Emmanuel Macron se rendra mardi en Roumanie, sur la base française de l’Otan, où 500 soldats français sont massés. Le mercredi, il poursuivra son voyage en Moldavie à l’invitation de la présidente Maia Sandu afin d’afficher le soutien de la France vis-à-vis de ce petit pays menacé. Contrairement à une information de presse, un voyage à Kiev n’est pas encore clairement programmé à ce stade.
Méfiance réciproque
Si, officiellement, le président Poutine dit ne pas voir d’inconvénient à libérer le blé des énormes stocks du port d’Odessa (22 millions de tonnes), il pose pour l’instant des conditions « inacceptables », selon une source élyséenne. Poutine veut pouvoir s’assurer que les bateaux commerciaux qui entreraient dans le port d’Odessa pour charger les céréales n’en profitent pas pour livrer des armes aux Ukrainiens. Mais le principe d’inspections russes dans les eaux territoriales ukrainiennes est rejeté au nom de la souveraineté, tant par l’Ukraine que par les alliés. En revanche, les inspections pourraient être effectuées par des agents de l’ONU qui joueraient ici les tiers de confiance.

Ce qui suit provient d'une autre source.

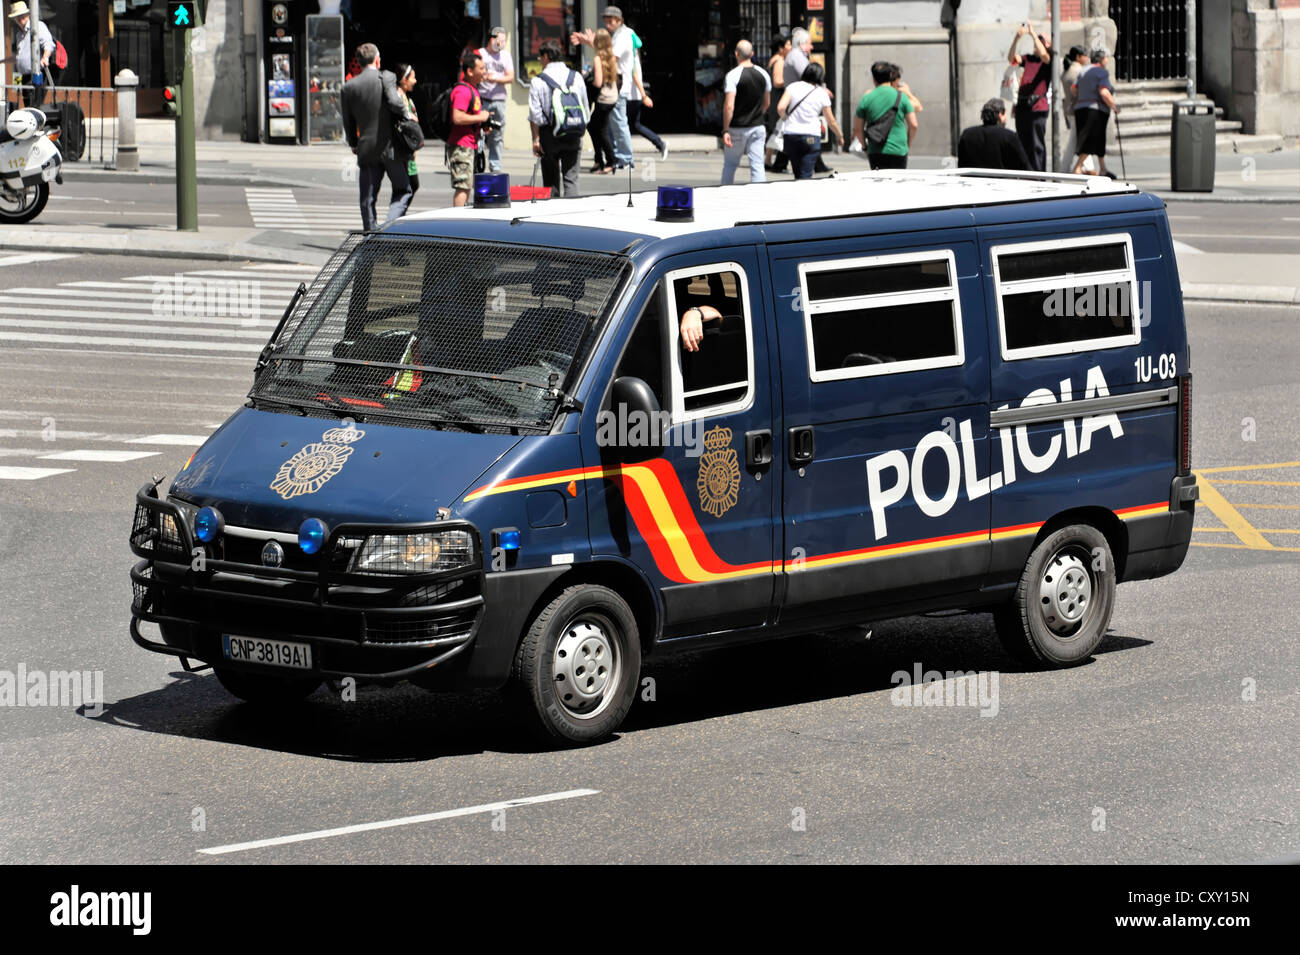 Policia, police in action, Madrid, Spain, Europe Stock Photo

Plusieurs autres problèmes ont été évoqués entre Macky Sall, Emmanuel Macron et le président Zelensky : d’abord, le déminage du port d’Odessa par les Ukrainiens ou du moins une cartographie des mines de manière que les vraquiers évitent les explosifs. Si le port d’Odessa est déminé, il ne faudrait pas non plus que les Russes en profitent pour porter une attaque sur des Ukrainiens dès lors à découvert… Zelensky peut-il vraiment faire confiance à Poutine, lequel refuse de négocier avec lui et le traite toujours de nazi ? La réponse est dans la question.
Poutine propose des « corridors de sécurité » pour le blé ukrainien
D’ailleurs, le président russe a proposé un autre chemin tout aussi douteux. « Il a également proposé d’autres schémas qui n’intéressent peut-être pas l’Ukraine, comme le passage par le Danube ou la Biélorussie et même par Marioupol, où Poutine s’est là aussi engagé à mettre en place des corridors sécurisés », a révélé Macky Sall dans un entretien au Figaro.
De toute façon, il faut trouver les bateaux qui oseront s’y aventurer. Pour l’instant, « ils ne sont pas disponibles », indique l’Élysée, qui souligne aussi la difficulté à trouver des compagnies d’assurance prêtes à prendre le risque d’assurer les navires transporteurs dans cette zone de guerre. Enfin, si par une heureuse conjonction, tous les obstacles précédents étaient levés, il faudrait aussi s’assurer que le blé extrait d’Odessa ne soit pas vendu aux plus offrants, mais bien aux populations les plus exposées aux pénuries et à des prix abordables. « Ça, c’est le sens de l’Initiative FARM (Food and Agriculture Resilience Mission), que nous avons lancée en marge de la réunion du G7 et du sommet de l’Otan. […] Sur ces points, Macky Sall était tout à fait réceptif, indique-t-on à l’Élysée. Ce qui intéresse le président Macron dans ses contacts avec les uns et les autres, c’est de poser les bases d’une action commune qui réponde aux besoins de chacun à la fois en termes de sécurité et en termes de solidarité internationale pour pouvoir gérer les effets de cette crise. »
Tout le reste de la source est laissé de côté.